Everything from the line containing "Tiffany Victoria earrings in" through the last line of the data below must be copied exactly, with no other lines included.

(SOURCE MATERIAL)

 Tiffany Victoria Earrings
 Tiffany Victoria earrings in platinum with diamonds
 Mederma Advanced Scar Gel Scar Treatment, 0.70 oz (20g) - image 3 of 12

(End SOURCE MATERIAL)

## [RESULT FOR THIS TASK]
 Tiffany Victoria earrings in platinum with diamonds
 Mederma Advanced Scar Gel Scar Treatment, 0.70 oz (20g) - image 3 of 12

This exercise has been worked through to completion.